Fellow Dallas safety Malik Hooker agrees. He knows that the Packers’ current 3-6 record doesn’t mean much… and it won’t mean a thing come kickoff.

“I’m sure everybody on this team has a high level of respect for Aaron Rodgers and the way that he’s played ball throughout his career,” Hooker said at his locker Monday. “They’ve lost a couple games down the road coming in here, but that’s nothing to look at. They’re not a bad football team, they have talent, they have good players. We’ve just got to go out there and keep playing ball the way we know how to play and not try to take this one lightly.”

Hooker, who sat out the team’s Week 8 win over Chicago with a hamstring injury, expects to be back in action as the Cowboys defense hopes to take advantage of an uncharacteristically-inaccurate Rodgers, who threw three picks this past weekend to Detroit.

Dallas has seven interceptions on the year. Hooker has one; Kearse is still waiting to notch his first and knows that a statement win over Green Bay- even a temporarily reeling Packers squad- would be big for Dallas as they enter a tough stretch of games to start the back half of the season.

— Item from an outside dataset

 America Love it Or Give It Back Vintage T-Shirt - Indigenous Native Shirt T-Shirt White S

“You want to go up against these guys, and you want to win these types of games,” Kearse said. “It gives you a huge, huge momentum boost, confidence boost, to where [if] you go out there and you beat a guy like Aaron Rodgers, the sky’s the limit.”

The team has already figured out that this game means slightly more to Mike McCarthy, even though he would prefer to maintain that it doesn’t.

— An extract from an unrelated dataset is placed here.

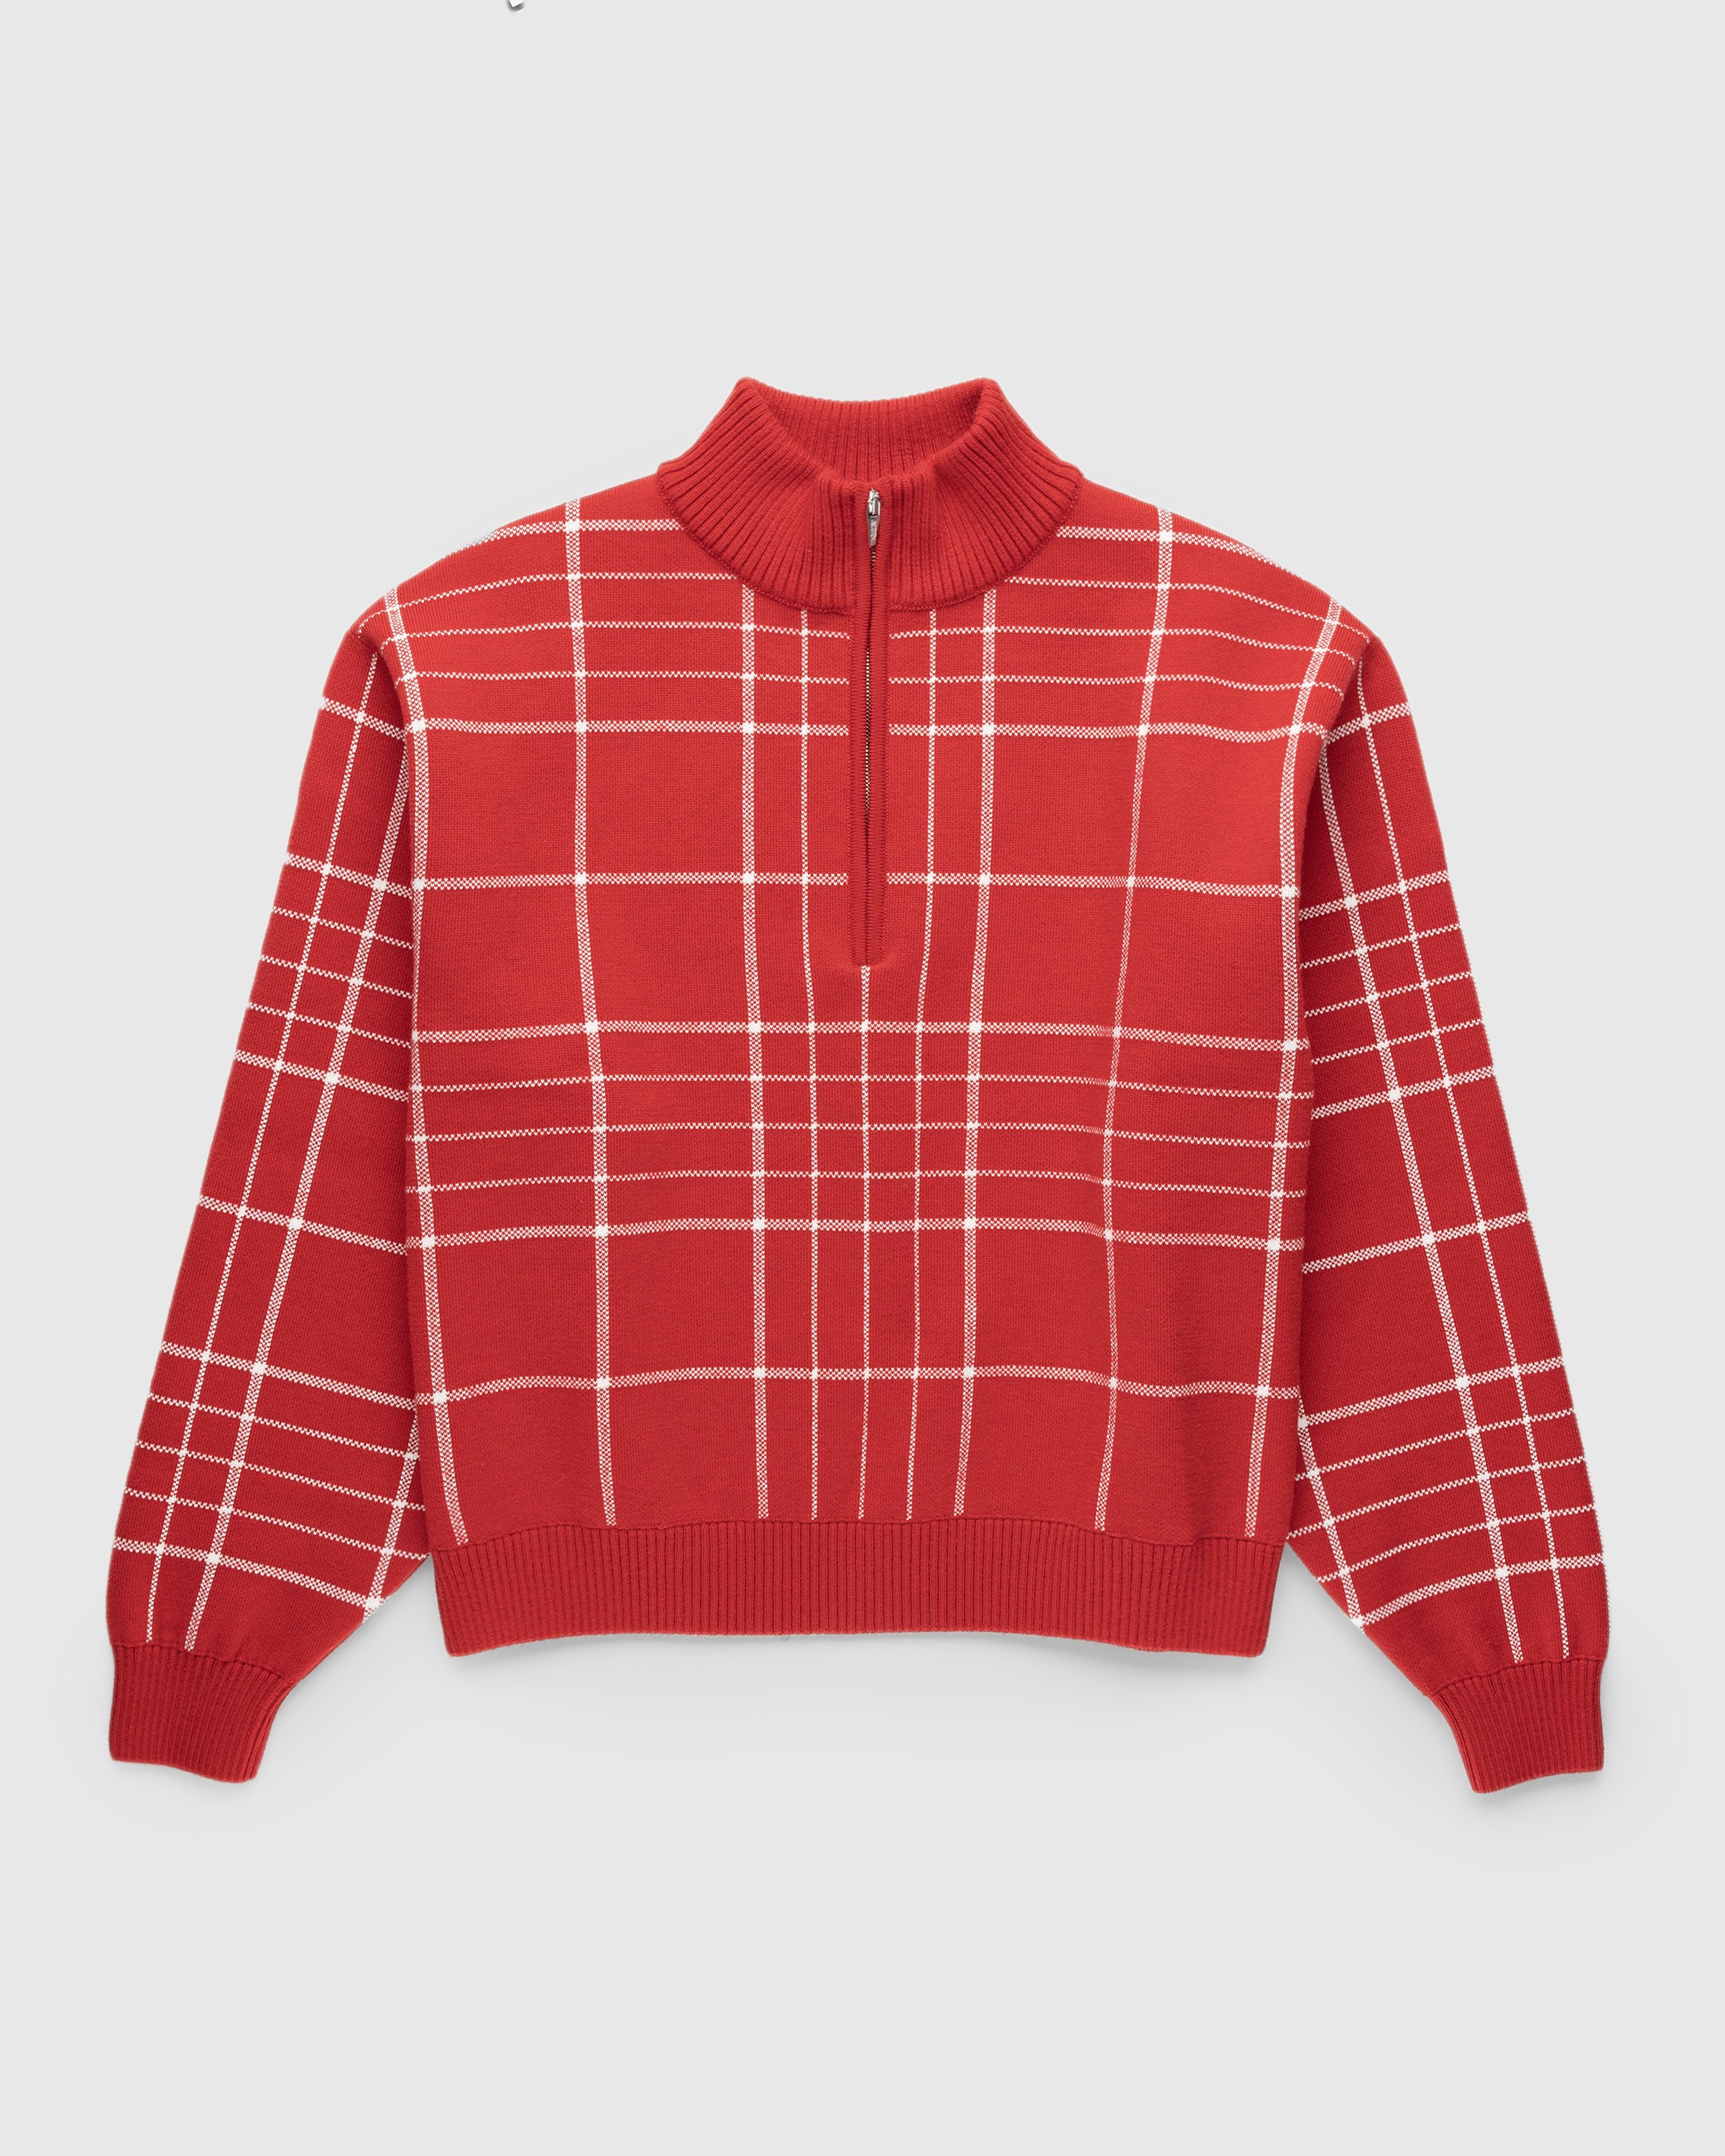 JACQUEMUS - La Maille Carro Multi-Red - Clothing - Red - Image 1

The Cowboys head coach admits he spent some time talking with his players about his 12-plus-year tenure in Green Bay and the Super Bowl XLV win he earned with Rodgers at the helm.

“I don’t think I’d have been doing my job if I didn’t address it,” McCarthy said in a press conference to start the week.

“I’m really looking forward to seeing Aaron. We’ve had great communication. I have nothing but love and gratitude for him,” McCarthy continued. “Just a whole lot of appreciation, not only him, but players, the team that we had there. We had some great times, great moments. When I think of him, I think of the one-on-one conversations we used to have, especially in the younger days, and it always ended with a hug and ‘I love ya.’ So that’s what I think about our relationship. I think he made me a much better coach. You’re talking about a man that’s one of the premier professional athletes of his generation. I spent the weekend watching him play; he’s playing at an extremely high level. Just the fundamentals and just the way he plays, he deserves all the accolades that he receives. I’m looking forward to seeing him.”

But now McCarthy will be seeing him from the opposite sideline. Rodgers may still be wearing the familiar green and gold, but McCarthy will have just come out of a place he doesn’t have much history with: the visitor’s locker room at Lambeau Field.

Kearse, however, has been in enemy colors at Lambeau four times as a Viking. His Minnesota team came away from those meetings with one tie and three losses.

Though not in the same division, the Cowboys have history of their own at the storied stadium, iconic moments that include the Ice Bowl and the “Dez Caught It” game (which McCarthy won).

So Kearse, like every Cowboys player, is well aware of what this game really means: to the Packers and their season, to the Cowboys and their quest to rise to the top of the conference, and to Mike McCarthy and his bid to notch his first win as a visitor at the building that sits at the end of a street named for him.

But sure, this one is just another game.

“It’s always tough in Lambeau,” Kearse offered. “This one, for us, thinking back to the rivalry, we’re not really thinking much about that. We want to win this one for our head coach.”